= MATERIAL TO PROCESS =
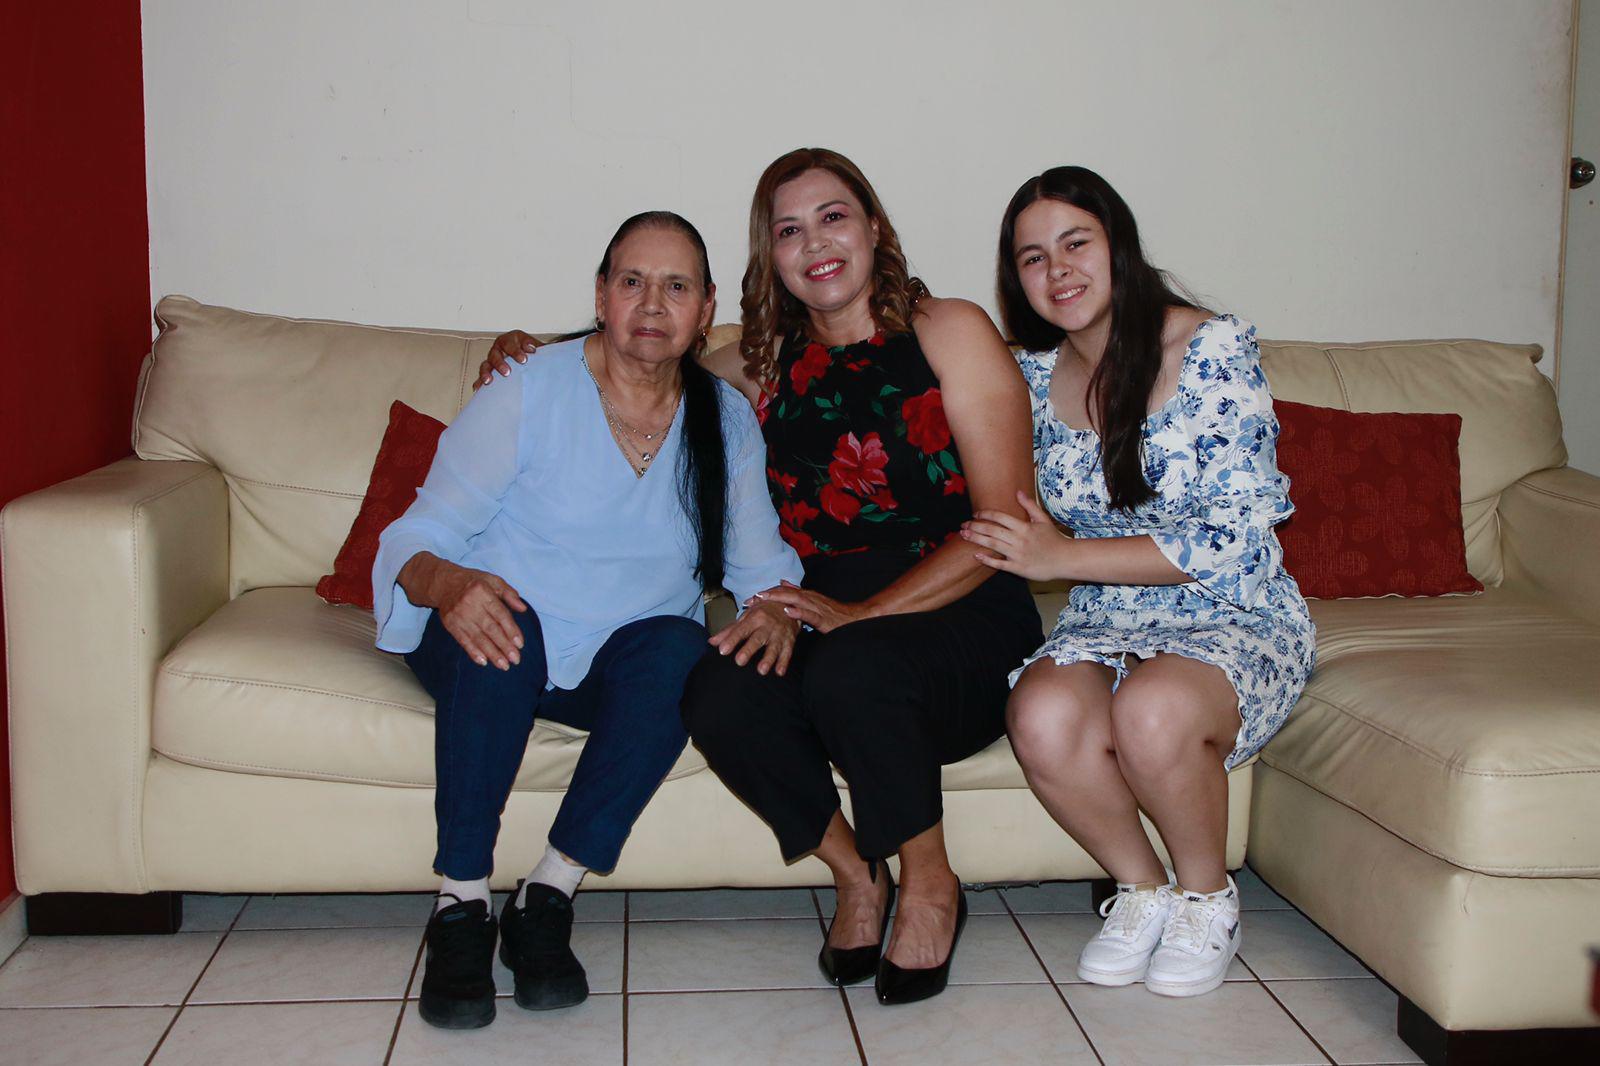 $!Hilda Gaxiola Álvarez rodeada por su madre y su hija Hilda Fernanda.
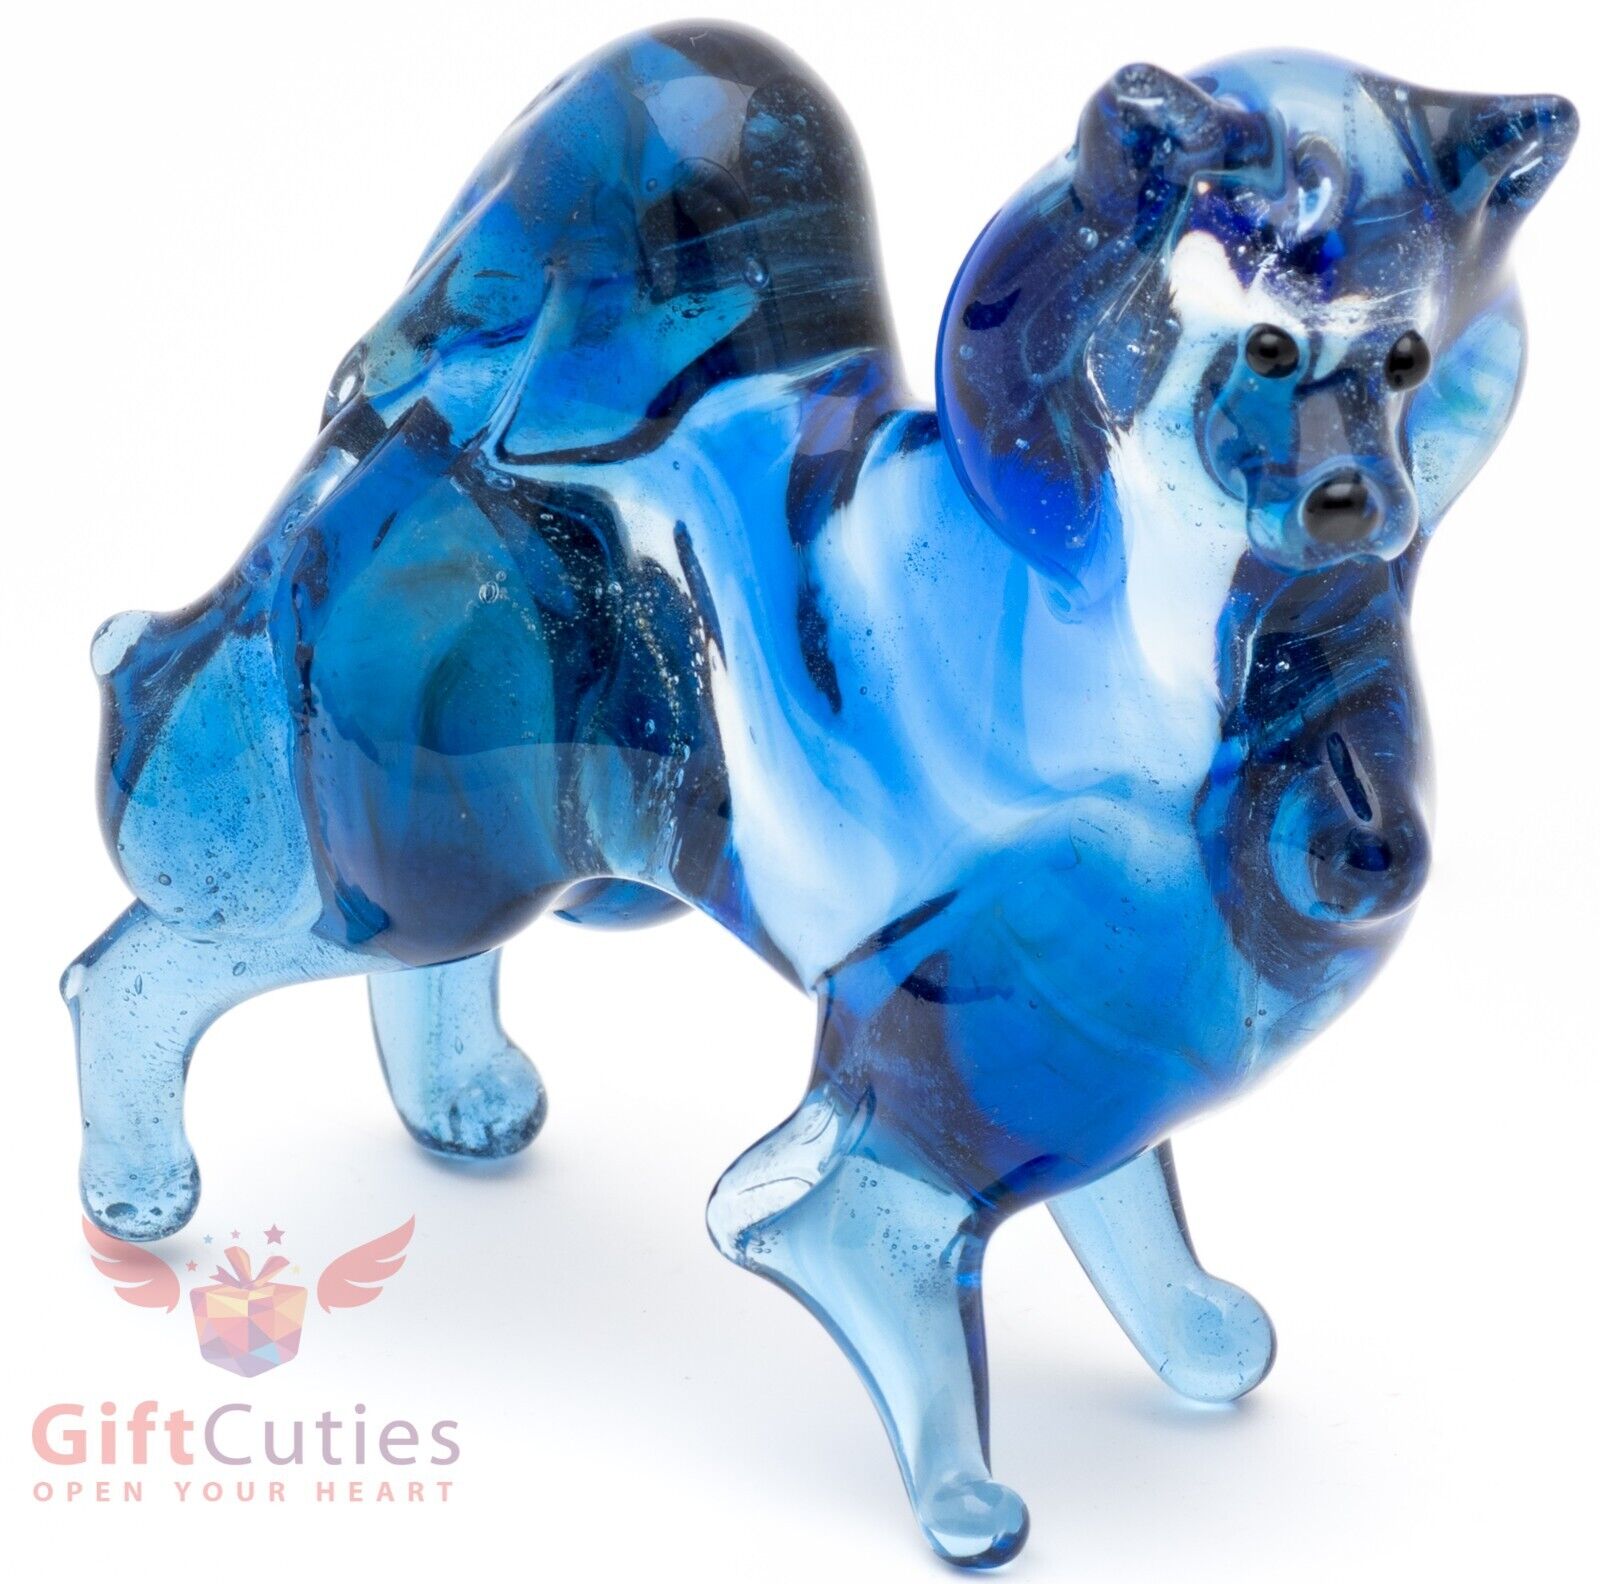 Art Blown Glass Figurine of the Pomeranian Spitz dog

* * *

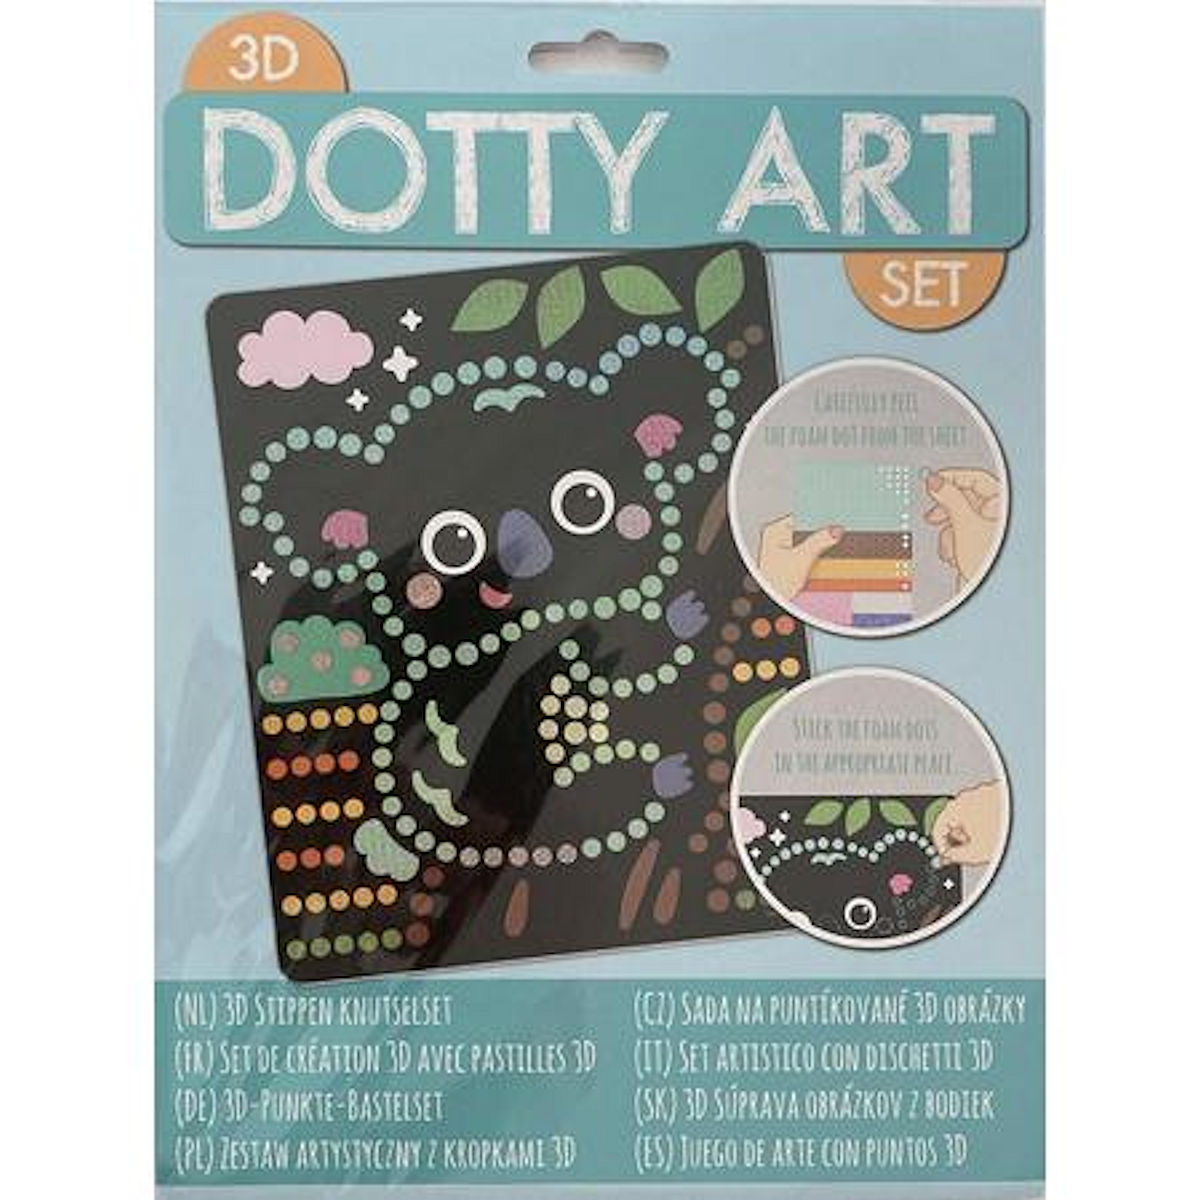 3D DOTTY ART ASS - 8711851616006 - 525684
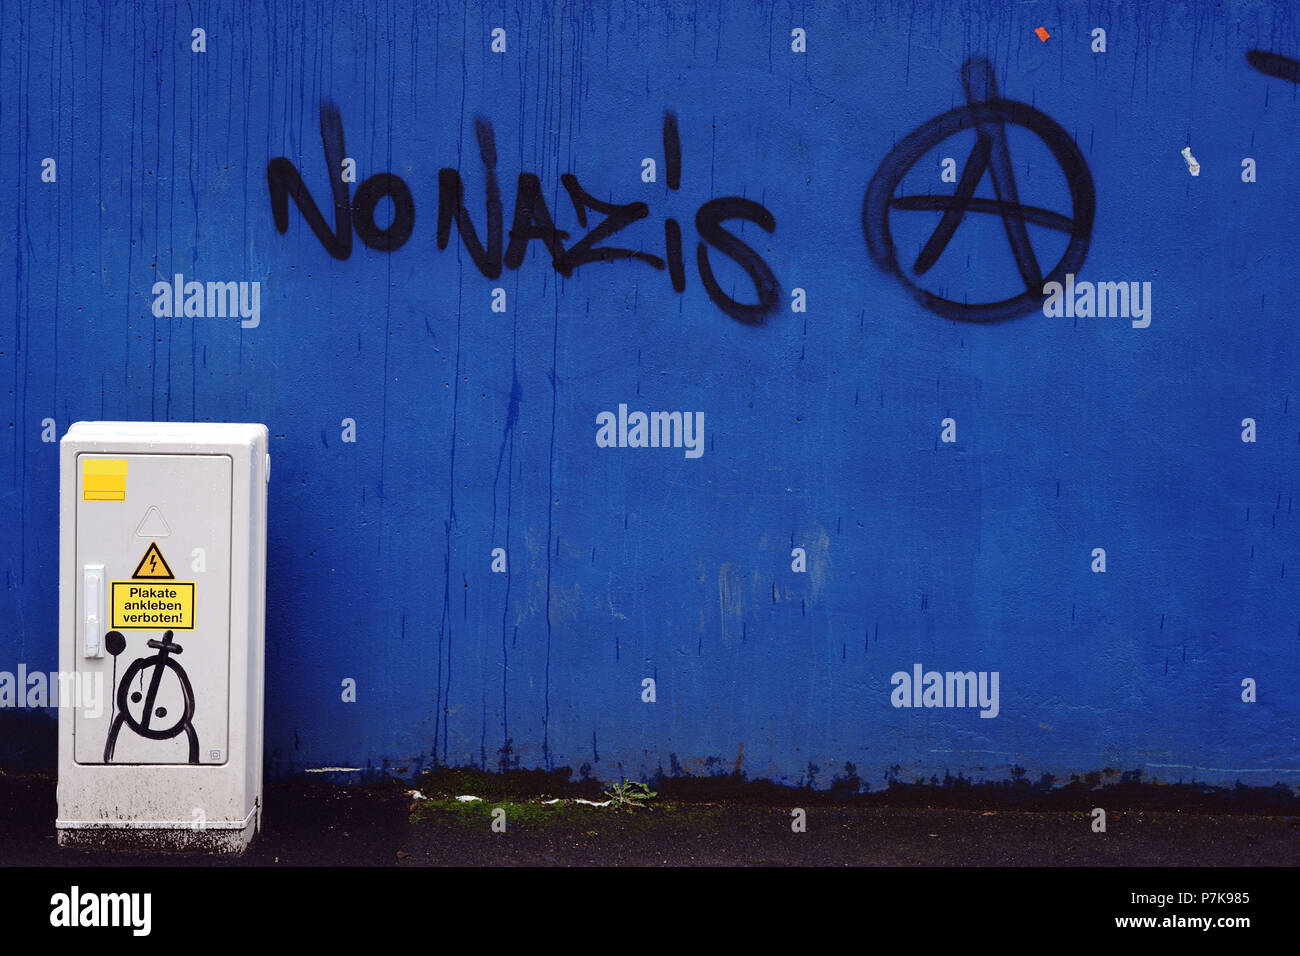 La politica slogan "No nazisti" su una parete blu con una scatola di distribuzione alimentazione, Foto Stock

= TRY IT =
Would you transcribe the lines above exactly, going from the line bearing "hija Hilda Fernanda." through the line bearing "Art Blown Glass", and drop the pictures from the copy?

= THE ANSWER =
 $!Hilda Gaxiola Álvarez rodeada por su madre y su hija Hilda Fernanda.
 Art Blown Glass Figurine of the Pomeranian Spitz dog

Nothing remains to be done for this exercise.